Am Fam Physician. 1999;60(8):2237-2238
Reflecting the advance to longer scopes, manufacture of the 35-cm flexible sigmoidoscope was discontinued more than five years ago. Short colonoscopes (65 cm) remain on the market. As prices of the longer colonoscopes decrease, the 65-cm scope will also probably be discontinued.
Scope diameters vary slightly and have no significant impact on technique or clinical outcome.
The descending colon may have a gun-barrel appearance, with concentric ridges separating the pouches (haustrae). In the transverse colon, triangular folds are observed 50 to 60 percent of the time. Clues to anatomic depth can be helpful, but these clues are not constant, particularly in patients 70 years of age or older.
Diagnostically, anoscopy is no match for fiberoptic retroflexion, although slotted anoscopes remain helpful for therapeutic surgeries. Otherwise, I have not used an anoscope in 10 years.
Physician involvement with cleaning and disinfection is essential, but soapy water is not. At postendoscopy, immediate rinsing and suctioning with tap water works fine.
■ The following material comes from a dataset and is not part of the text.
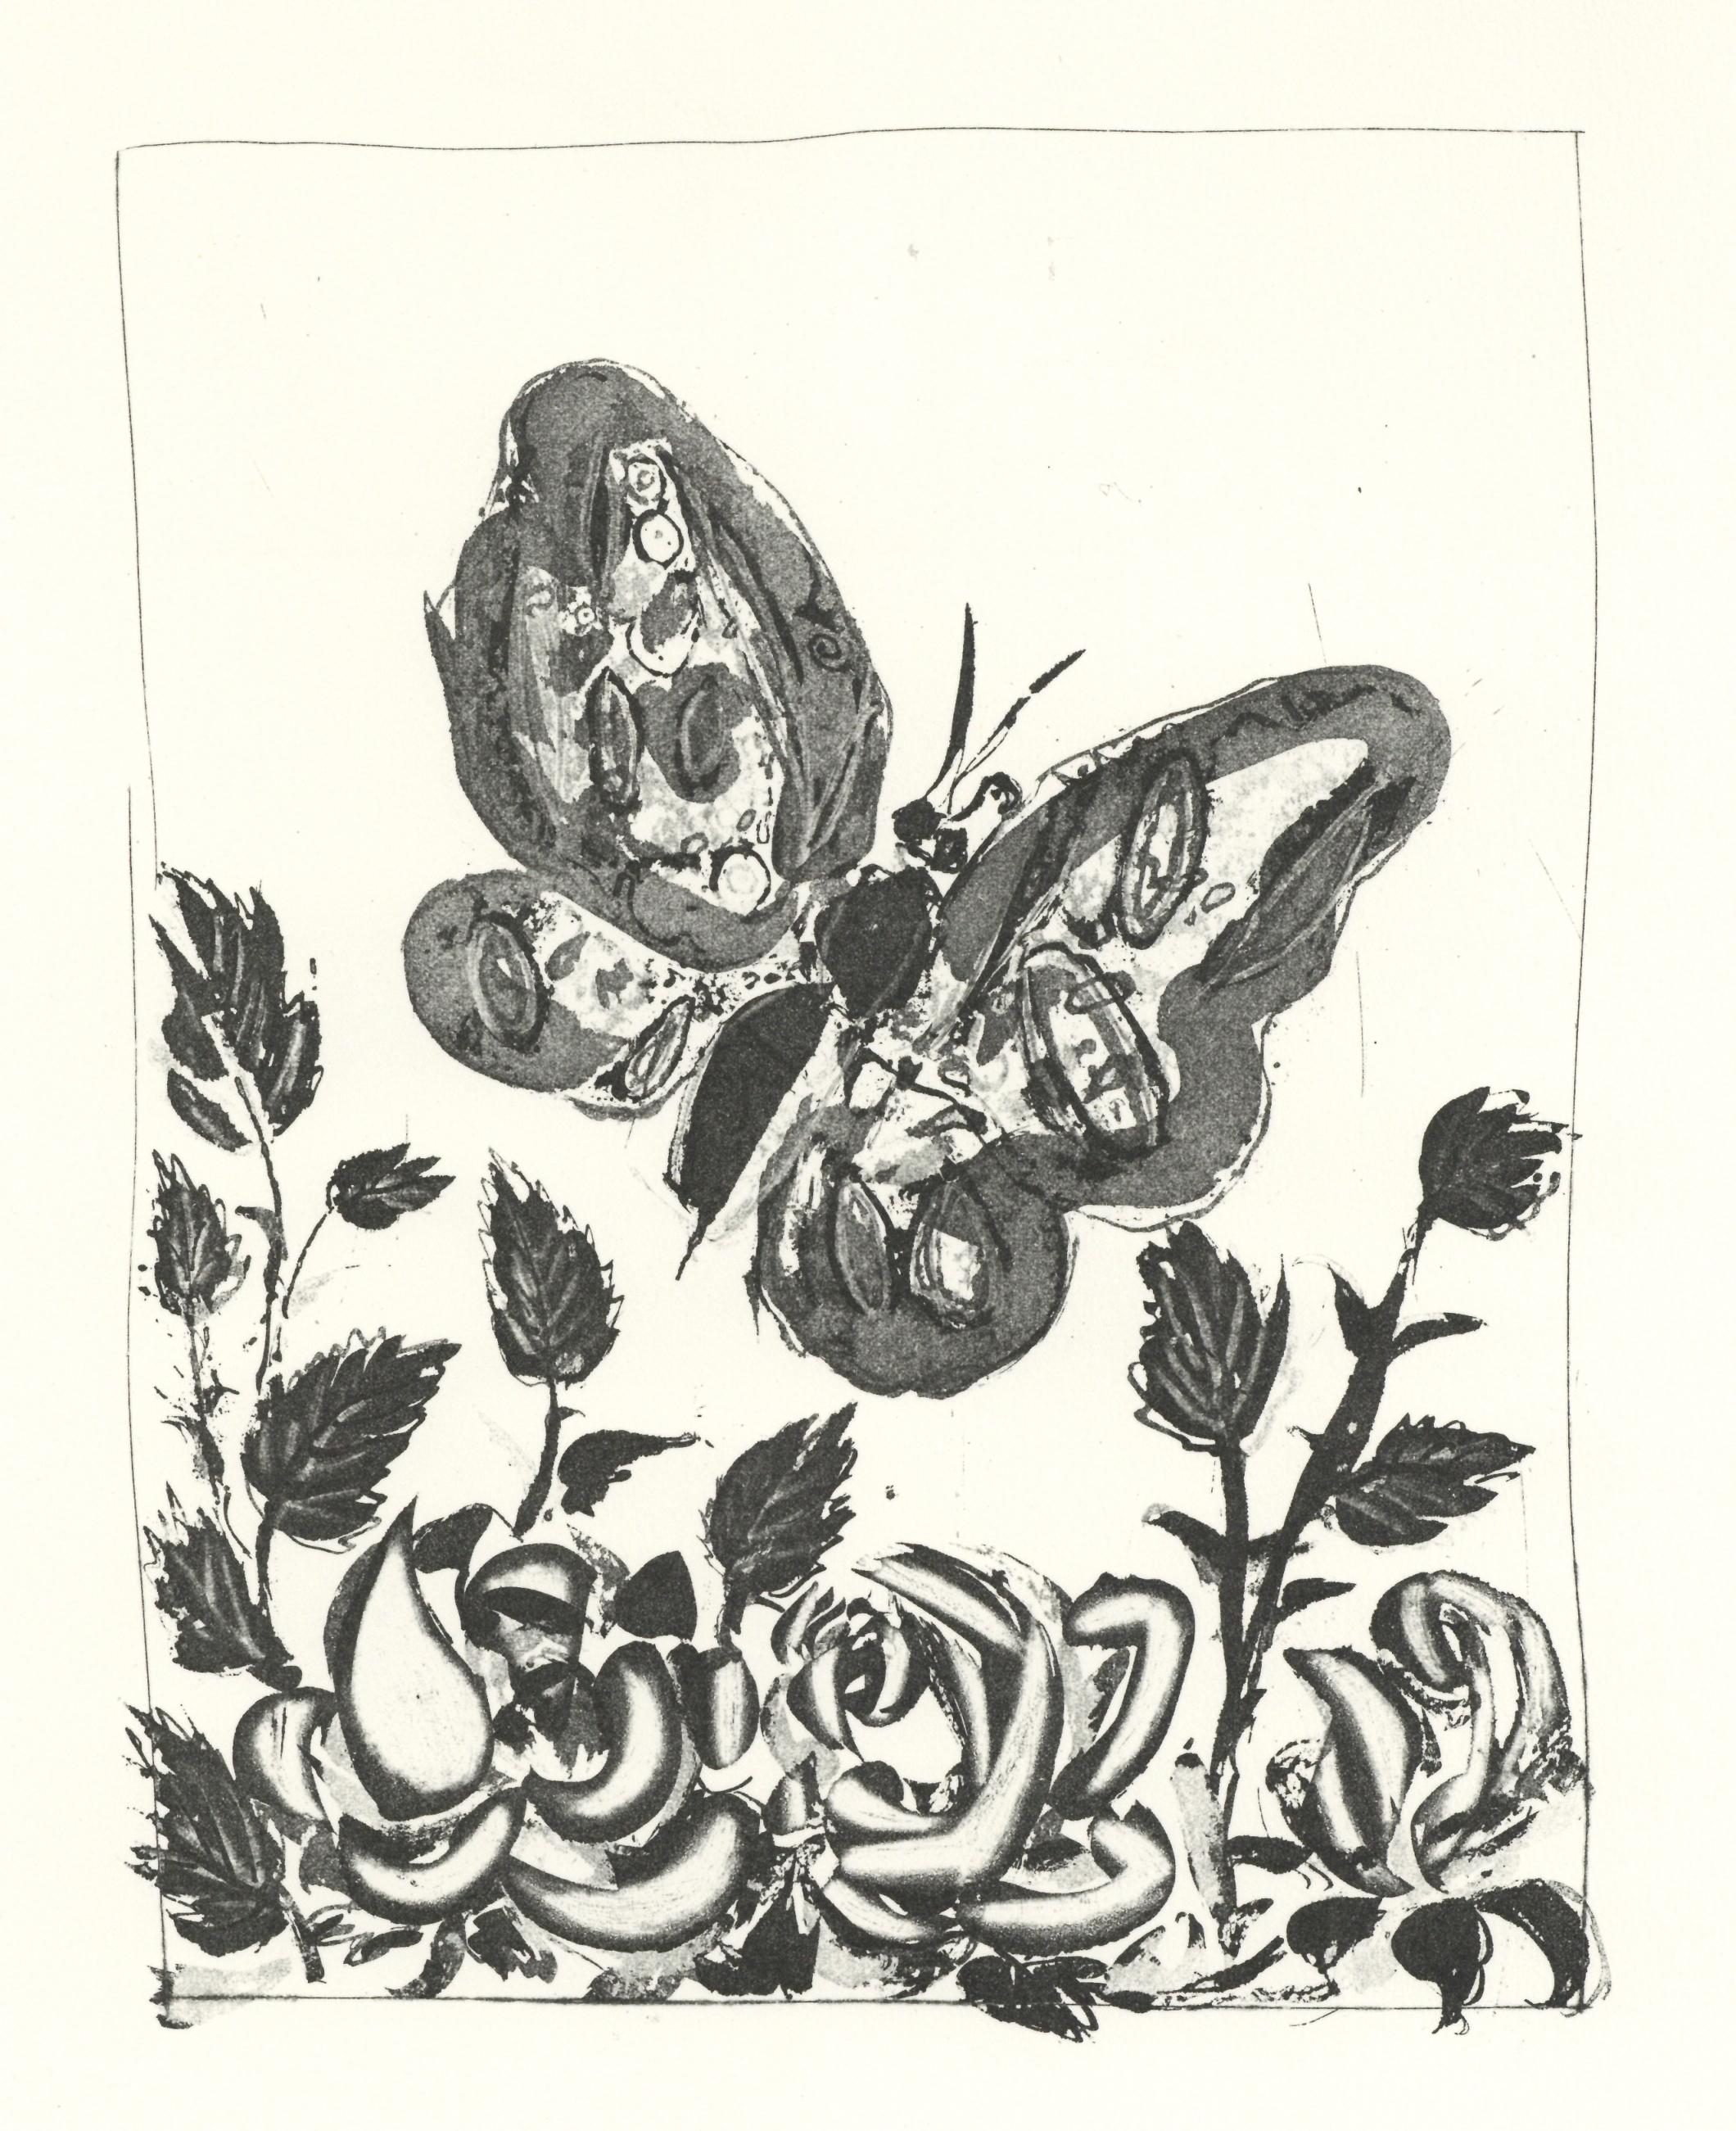 PAPILLON FRAMED ART, Paper Butterfly Art

Using clinical judgment to avoid varices, physicians should biopsy lesions that appear abnormal. Too many lesions are missed at a second examination. The physician should perform a biopsy while the lesion is “in your sights.” The physician should be careful not to snap the wrist as part of the biopsy technique—these are avulsion, not cutting biopsy forceps.
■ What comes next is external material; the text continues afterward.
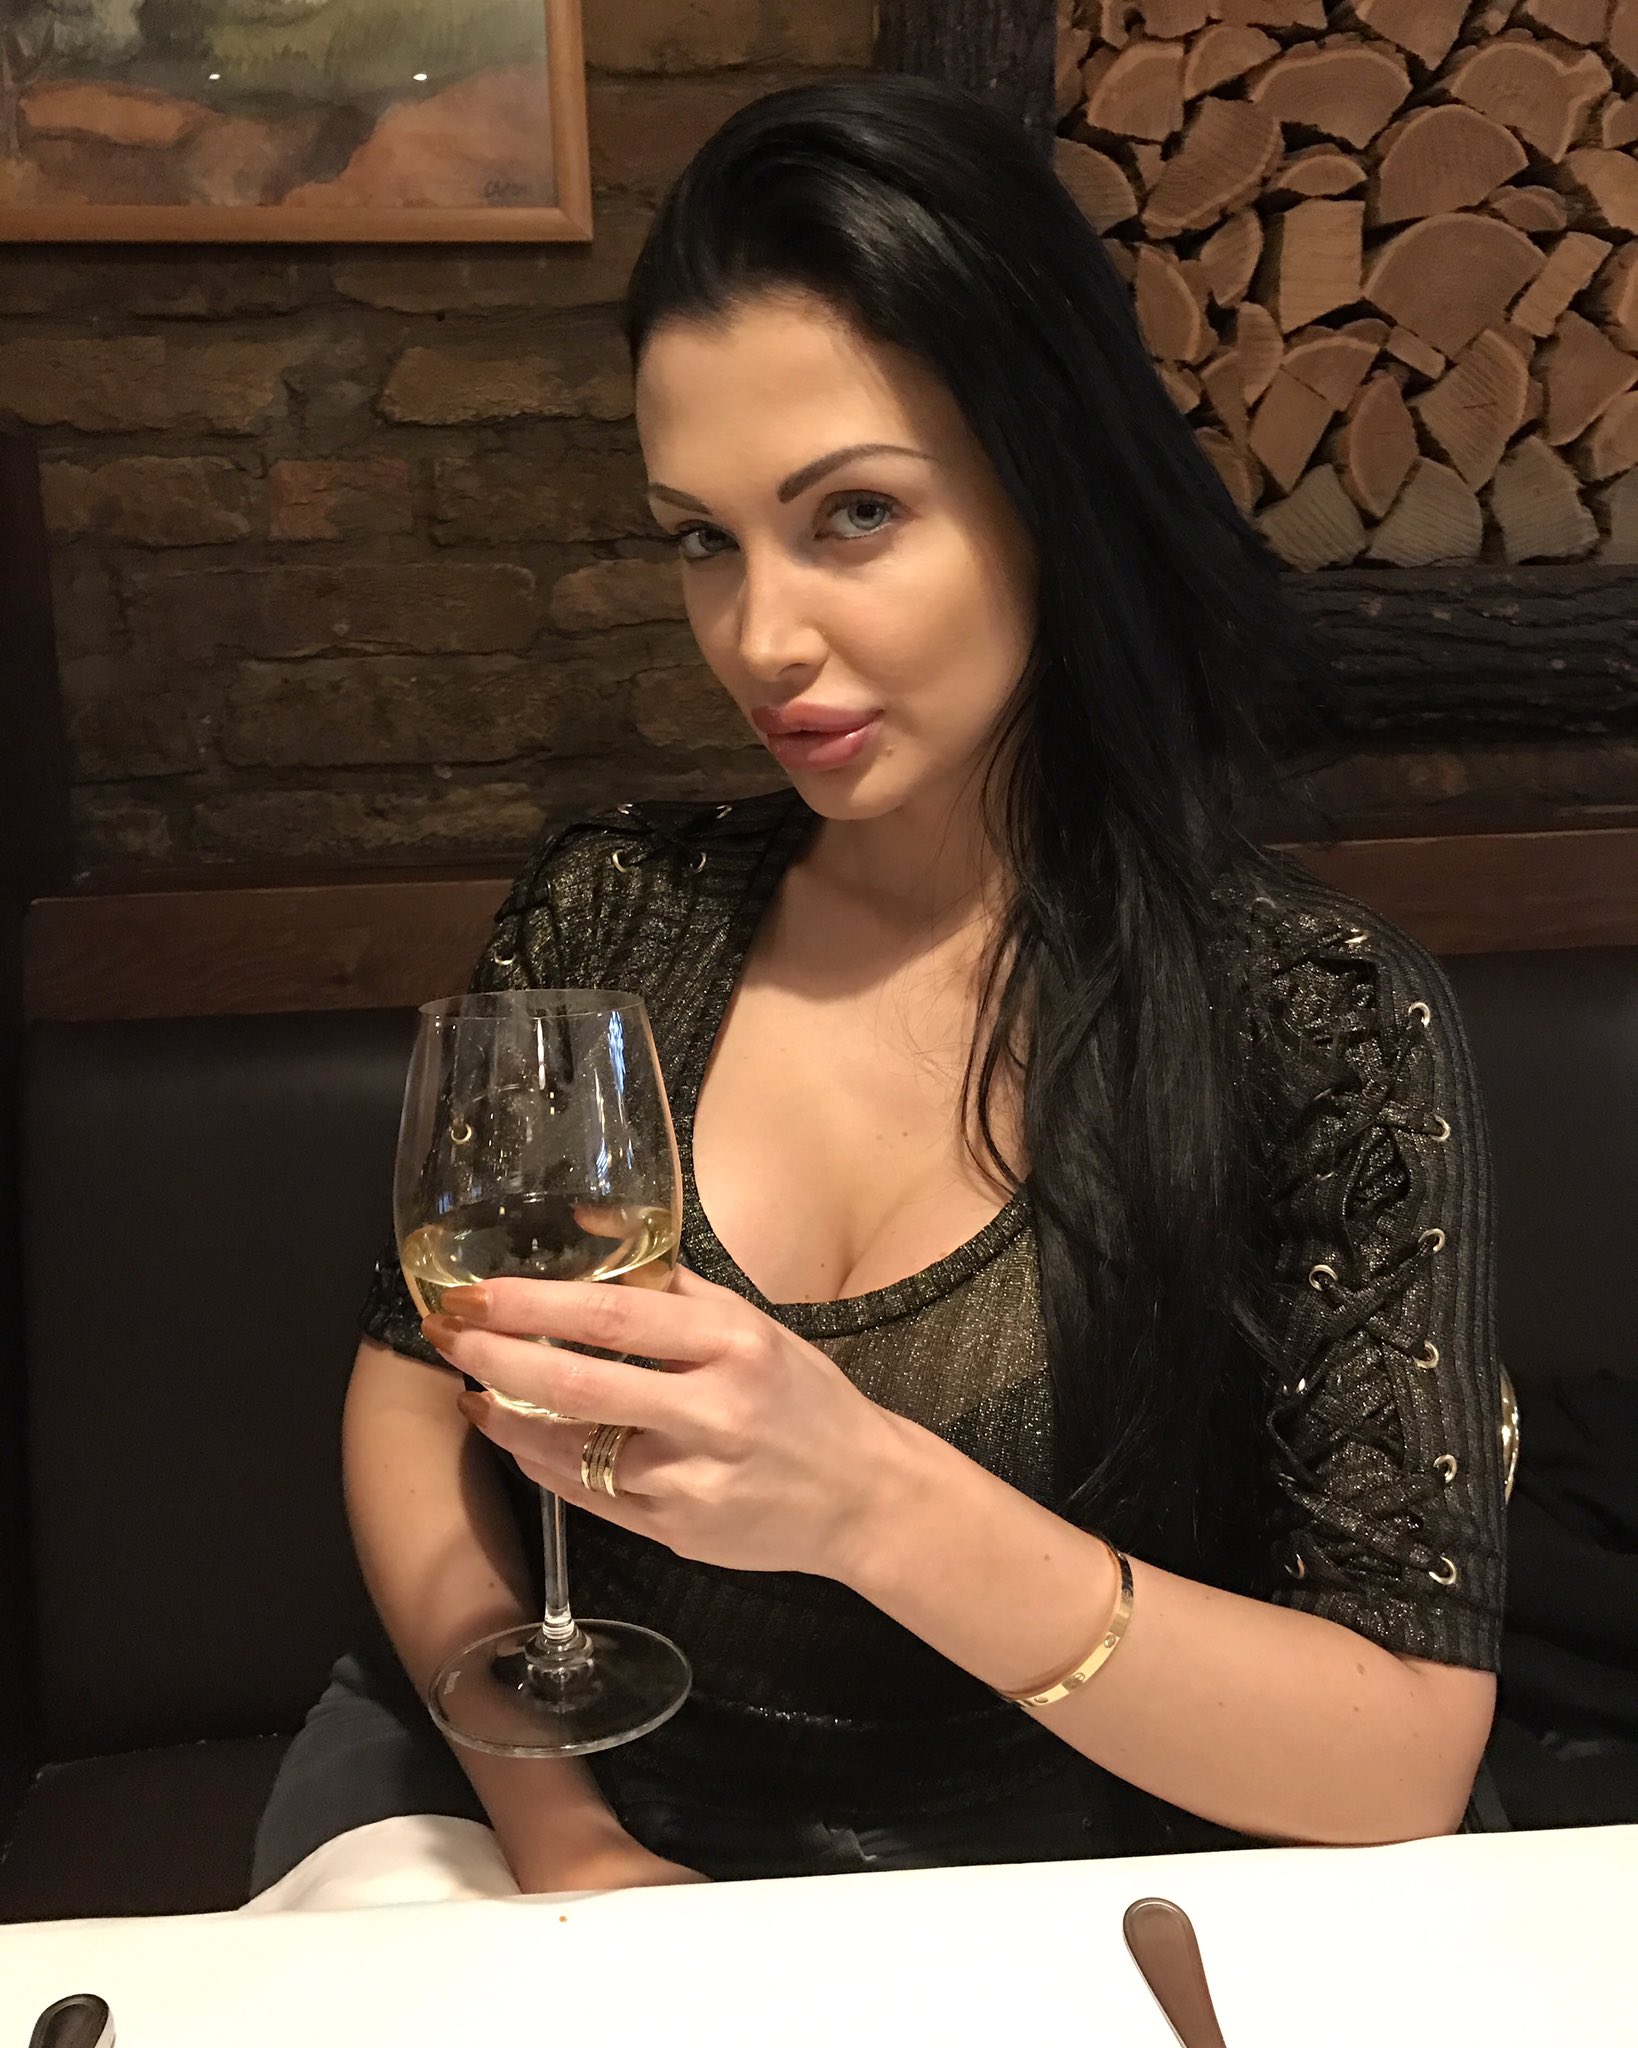 Enjoying some Italian food&wine. https://t.co/aSpnbJlp5d

The terms “dithering” and “jiggling” are jargon and describe several mildly effective loop-reduction maneuvers. Formation of a sigmoid loop impedes advancement. Physicians can maneuver the scope right and left, up and down, in and out, and twist right and twist left for advancement of the endoscope. Air insufflation and suction are additional functions. Using all of these maneuvers in an effective manner defines the art of endoscopic insertion.